** EXERCISE GOAL **
Return the full listing word for word, but drop every picture from it.

** AVAILABLE DATA **
--- --- ---

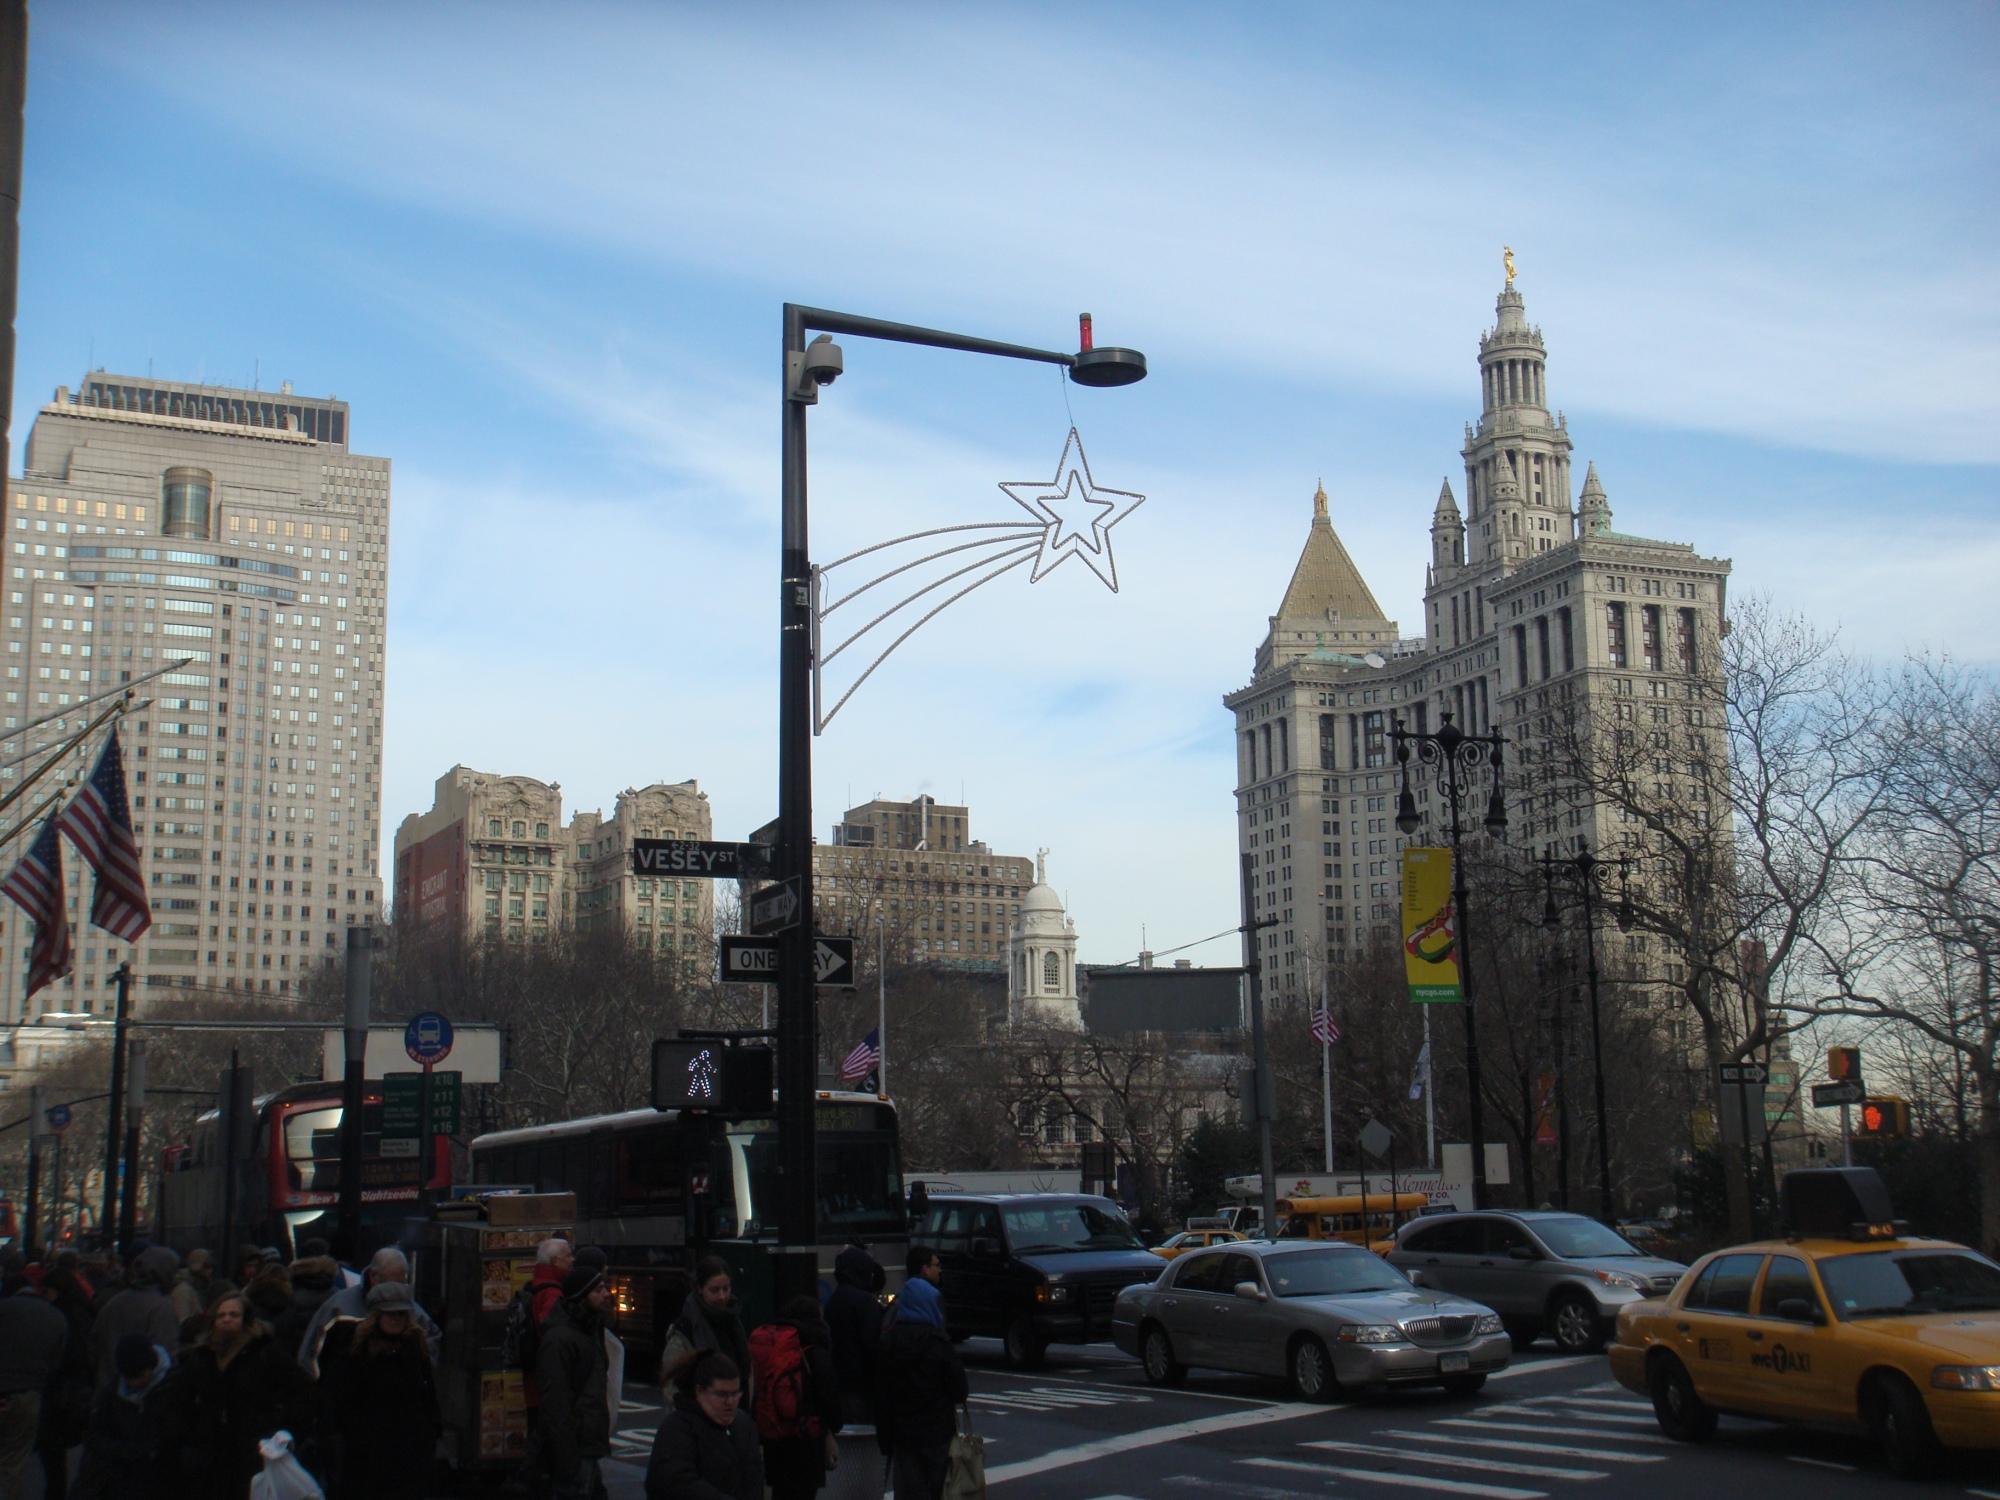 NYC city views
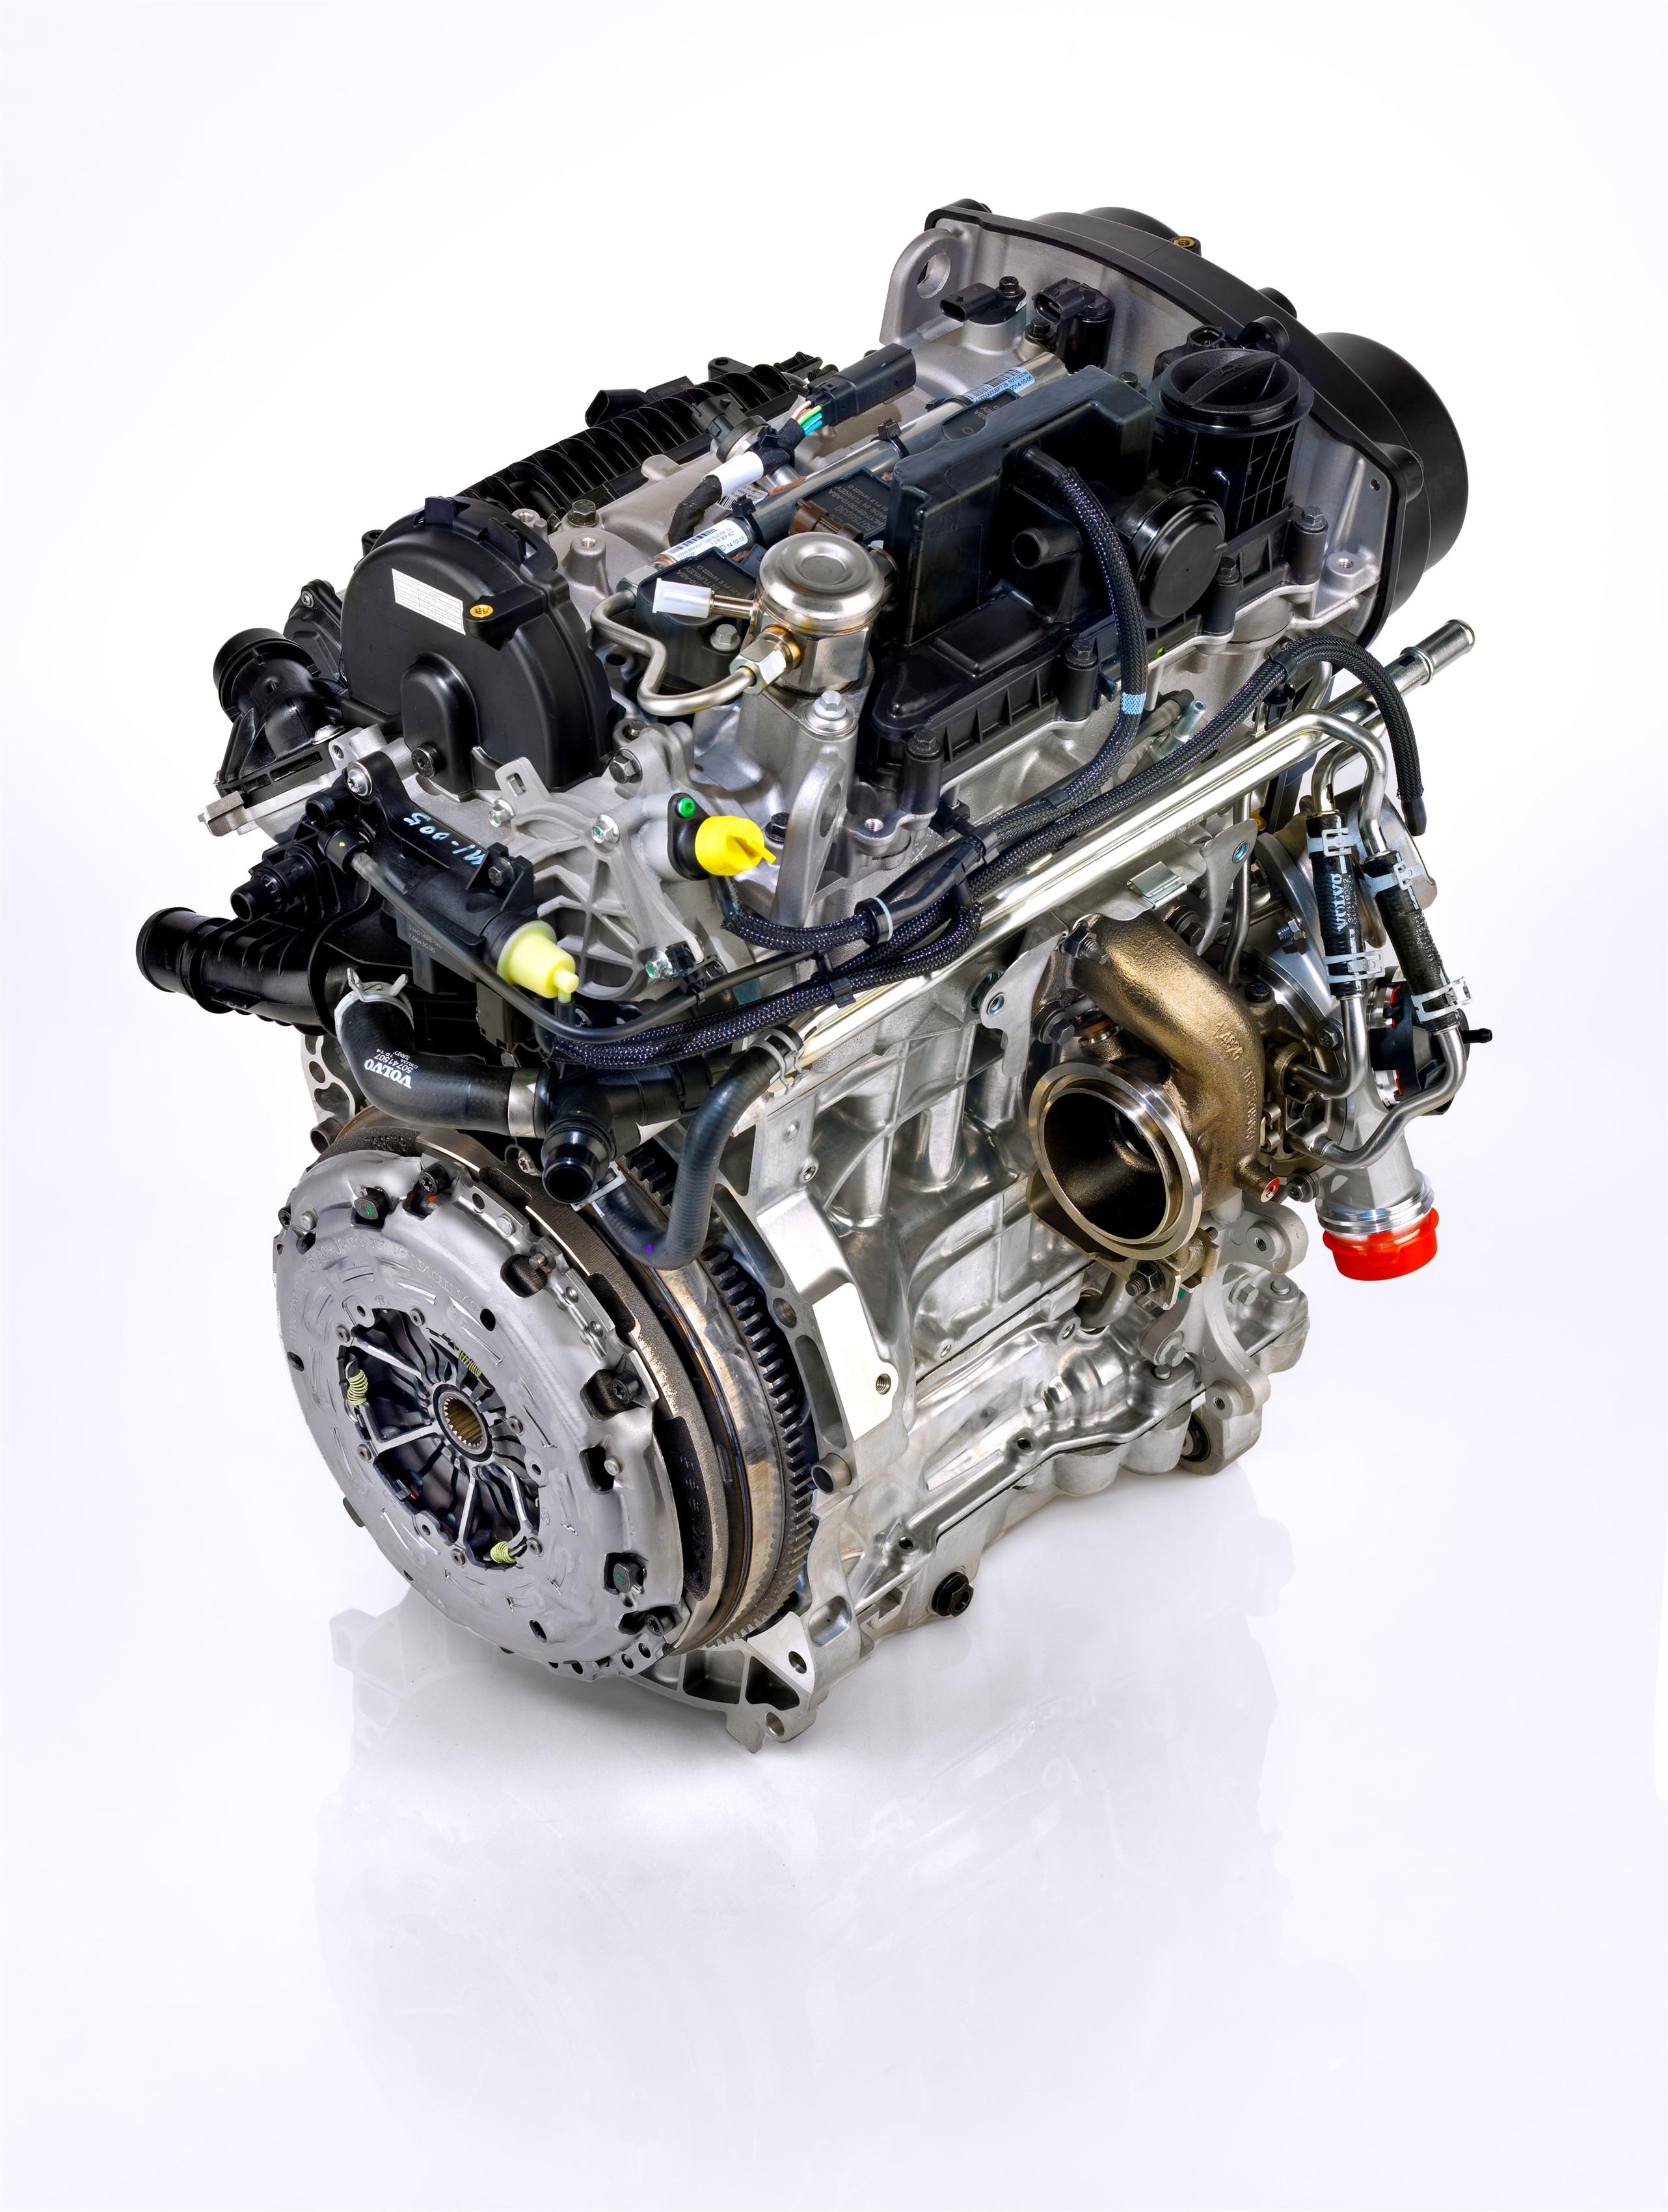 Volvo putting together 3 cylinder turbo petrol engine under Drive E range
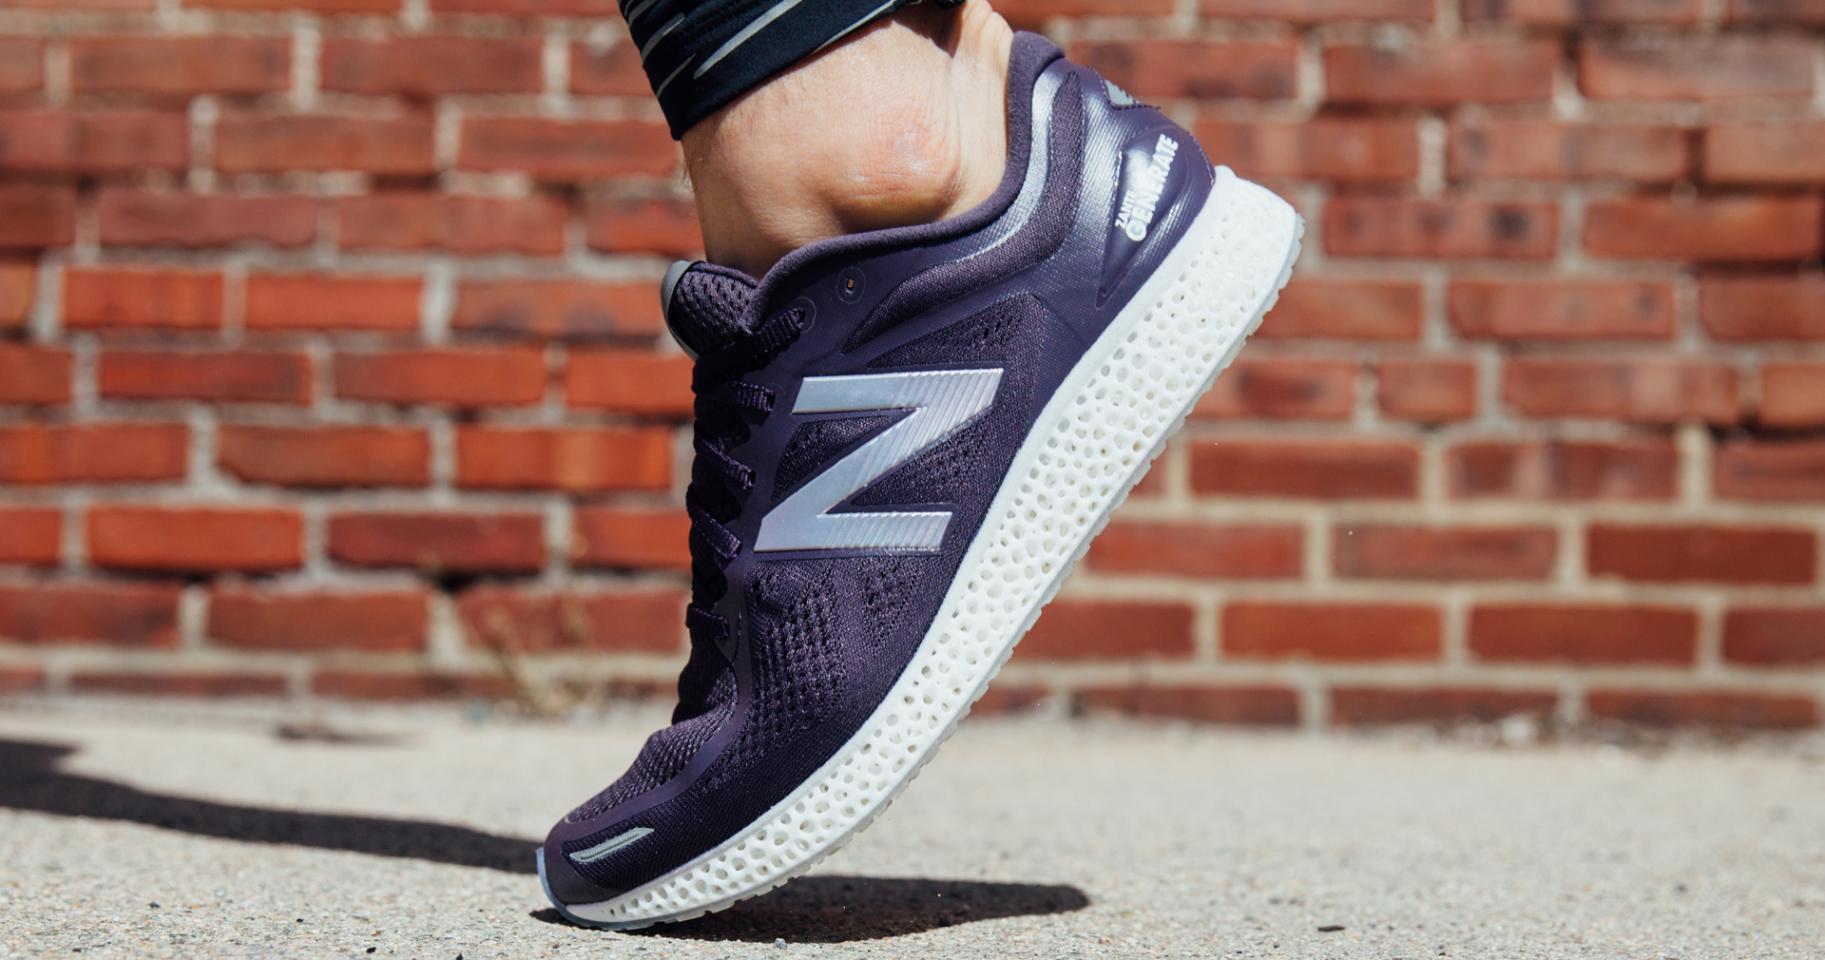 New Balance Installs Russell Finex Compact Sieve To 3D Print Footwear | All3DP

--- --- ---

** RESULT FOR THIS TASK **
 NYC city views
 Volvo putting together 3 cylinder turbo petrol engine under Drive E range
 New Balance Installs Russell Finex Compact Sieve To 3D Print Footwear | All3DP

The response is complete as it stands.